Prompt: Reproduce each line below precisely. Drop the pictures.
-------- Recorded information
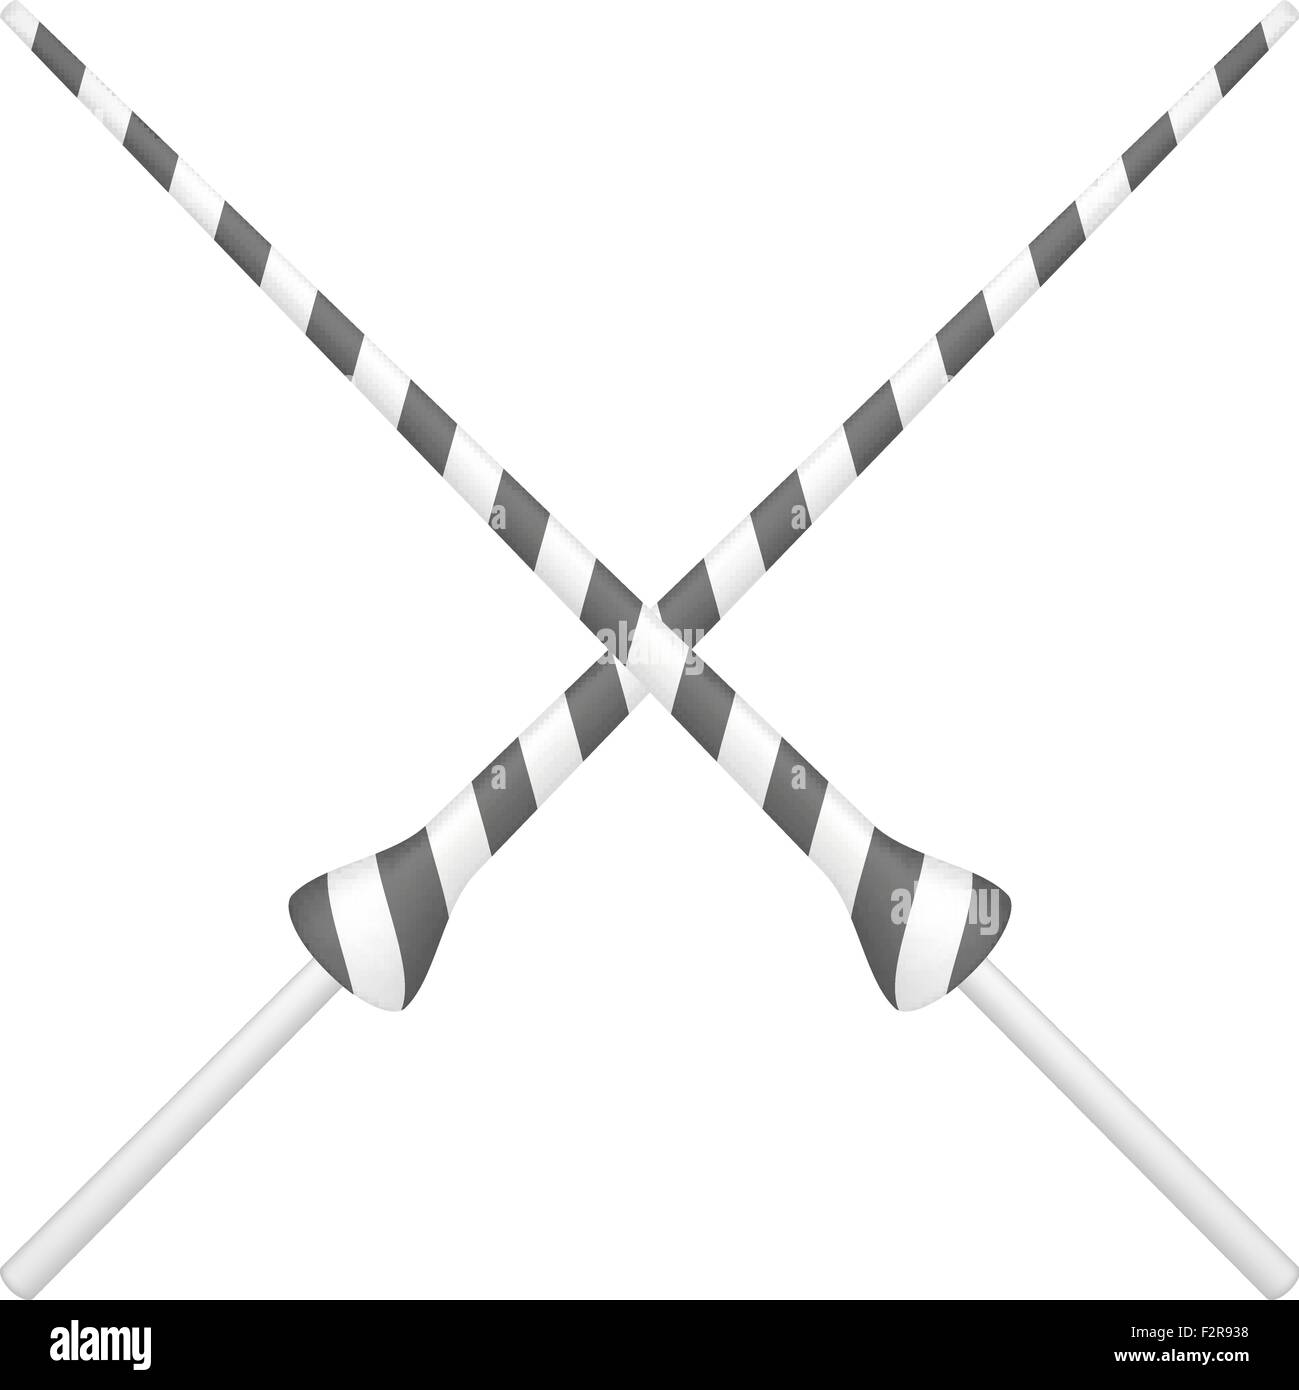 Zwei gekreuzte Lanzen in schwarz und weiß Stock Vektor
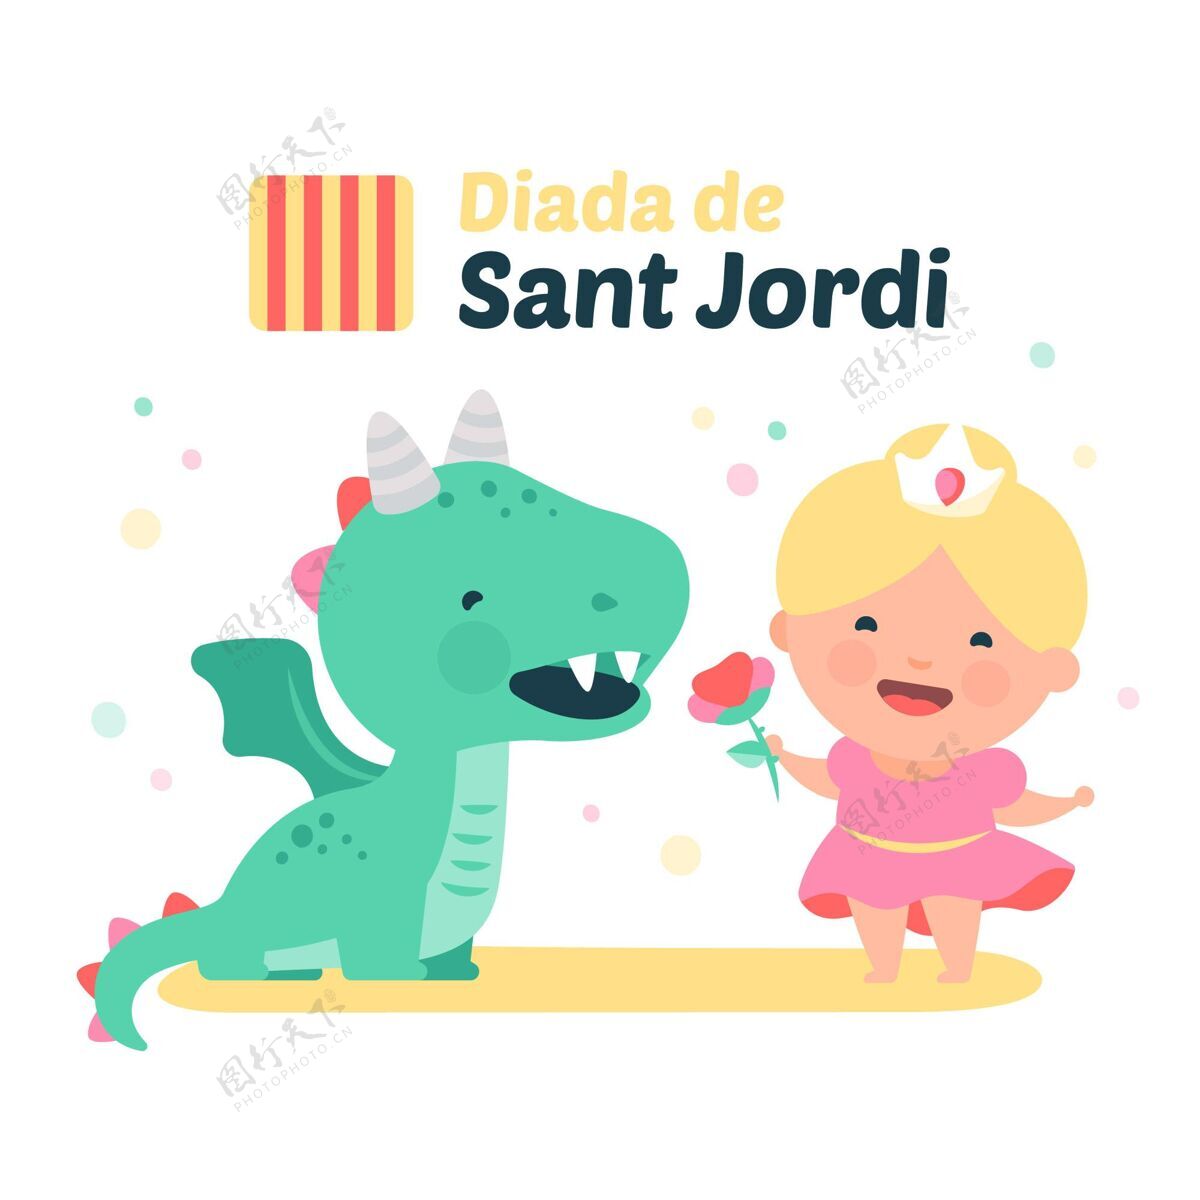 插图手绘迪亚达圣约第插图与龙和公主场合4月23日西班牙
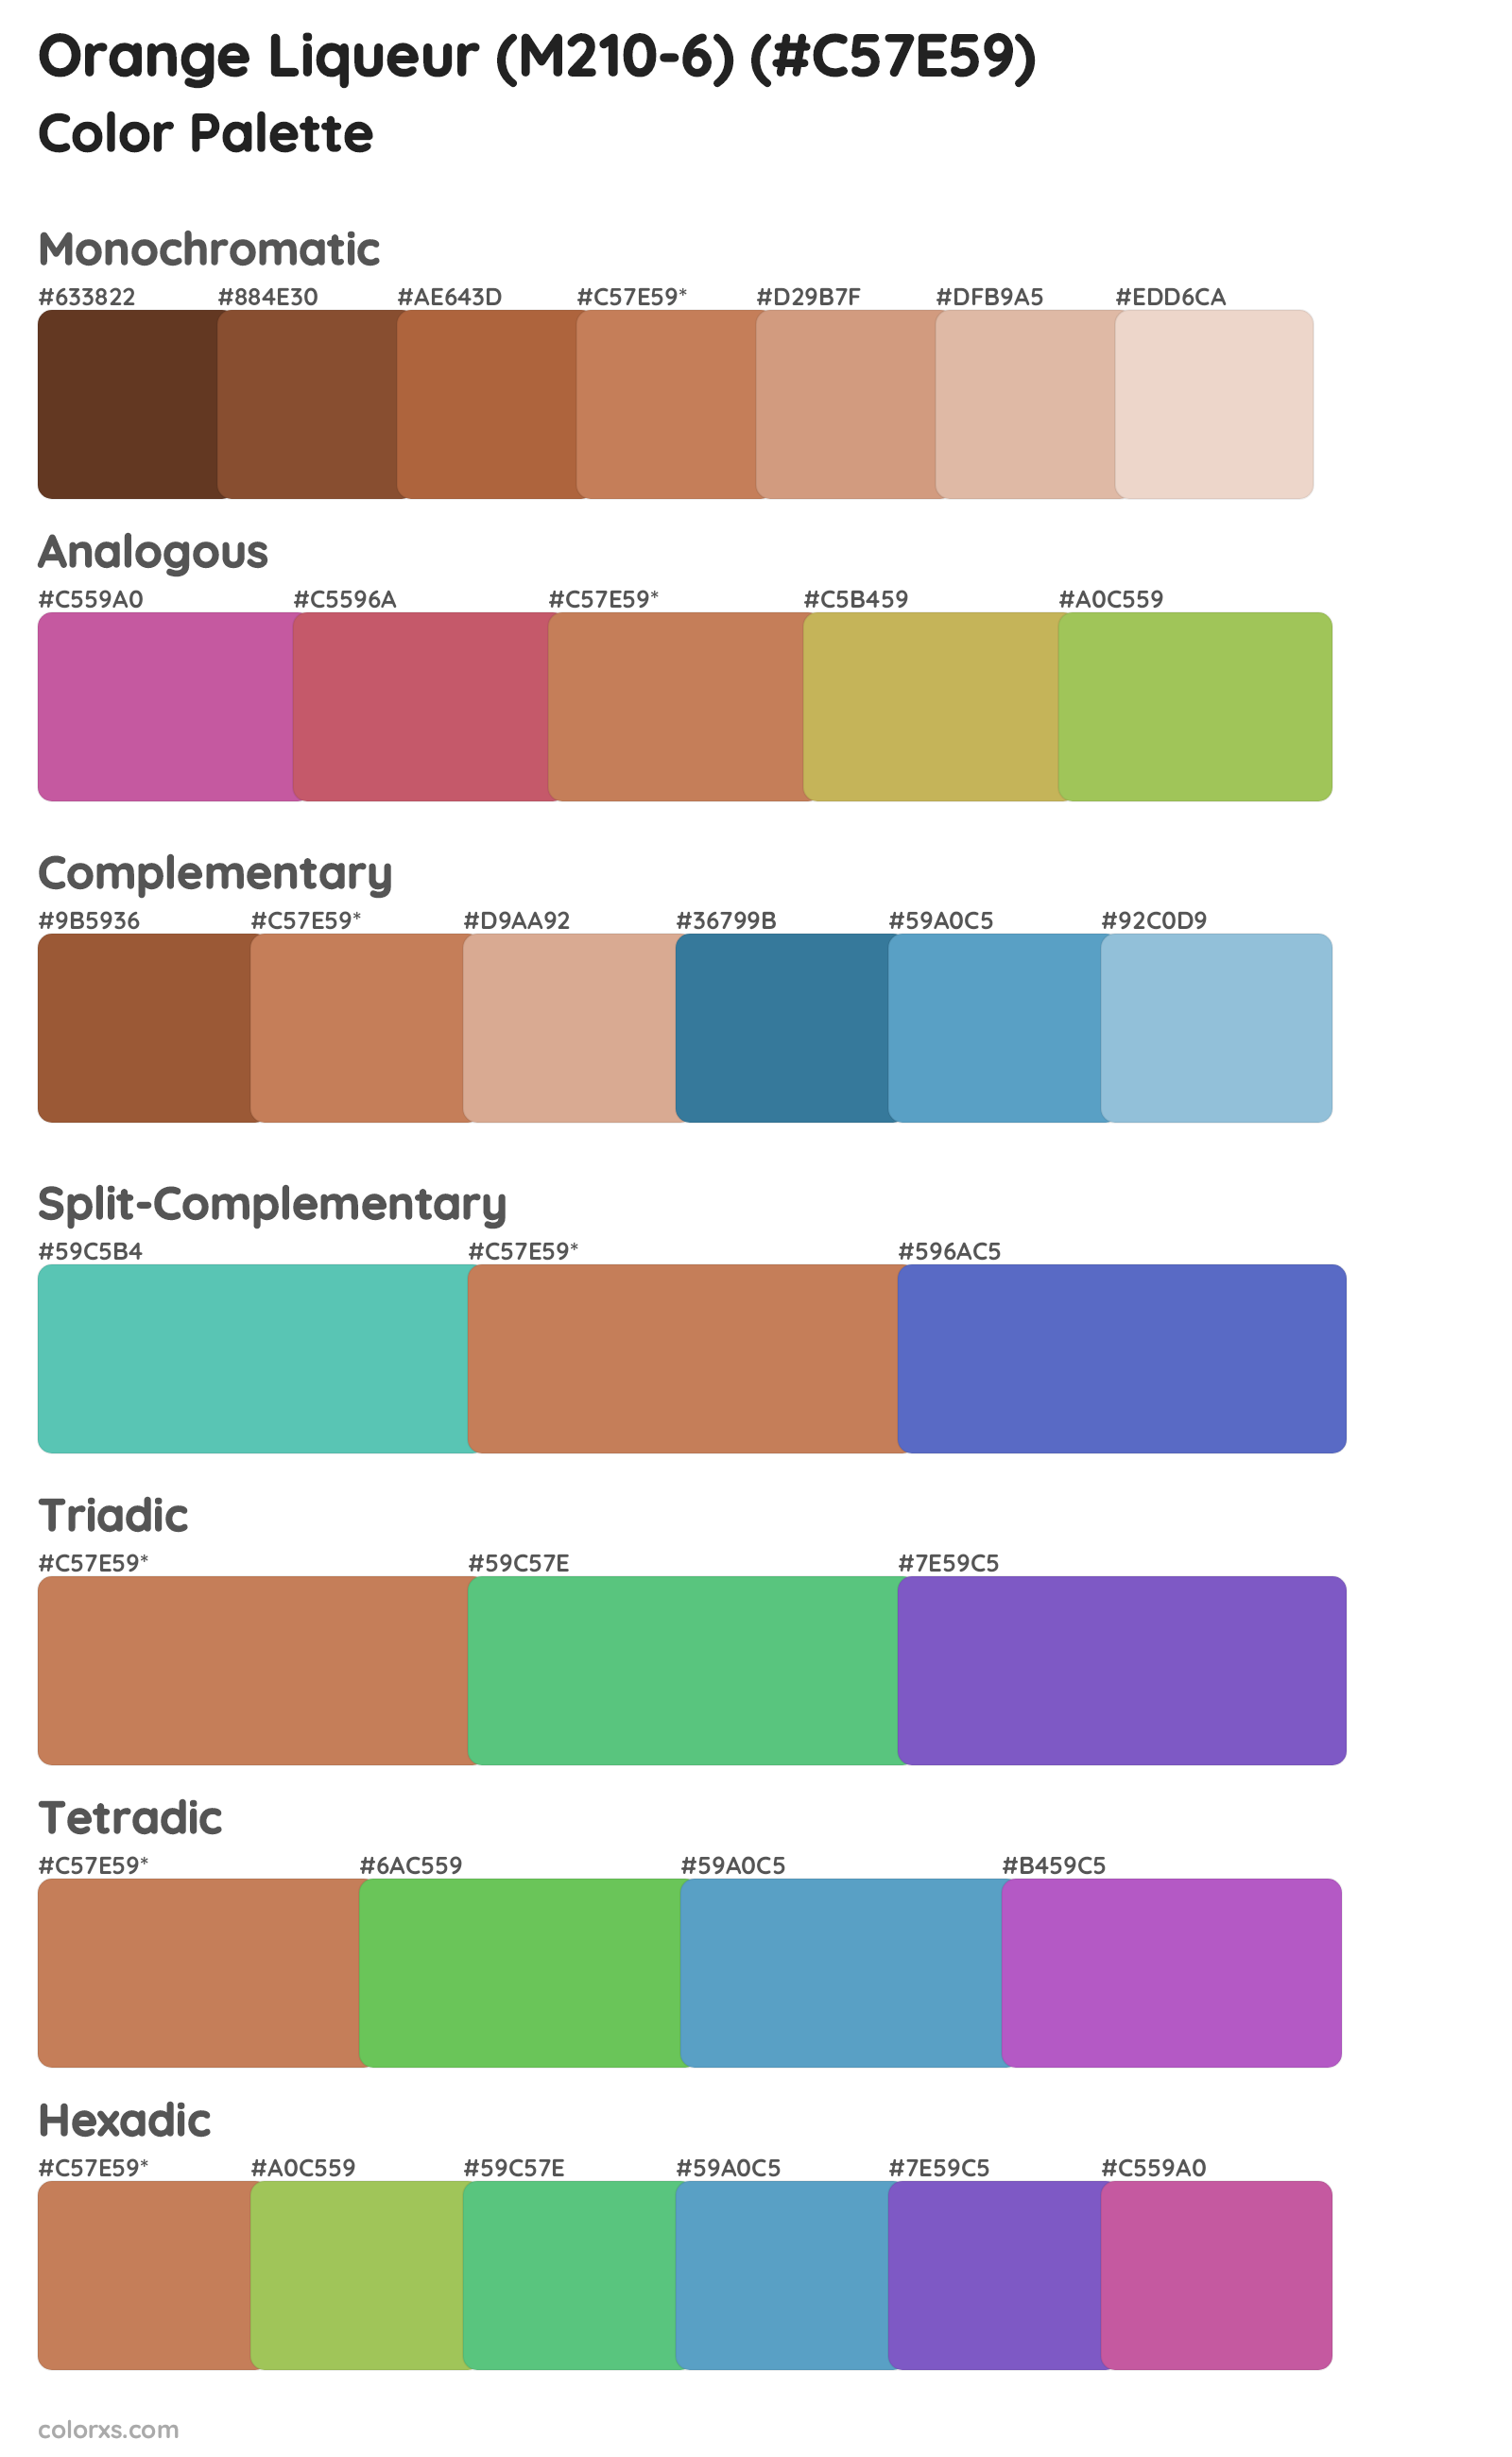 Orange Liqueur (M210-6) Color Scheme Palettes
----------------
Exercise answer:
 Zwei gekreuzte Lanzen in schwarz und weiß Stock Vektor
 插图手绘迪亚达圣约第插图与龙和公主场合4月23日西班牙
 Orange Liqueur (M210-6) Color Scheme Palettes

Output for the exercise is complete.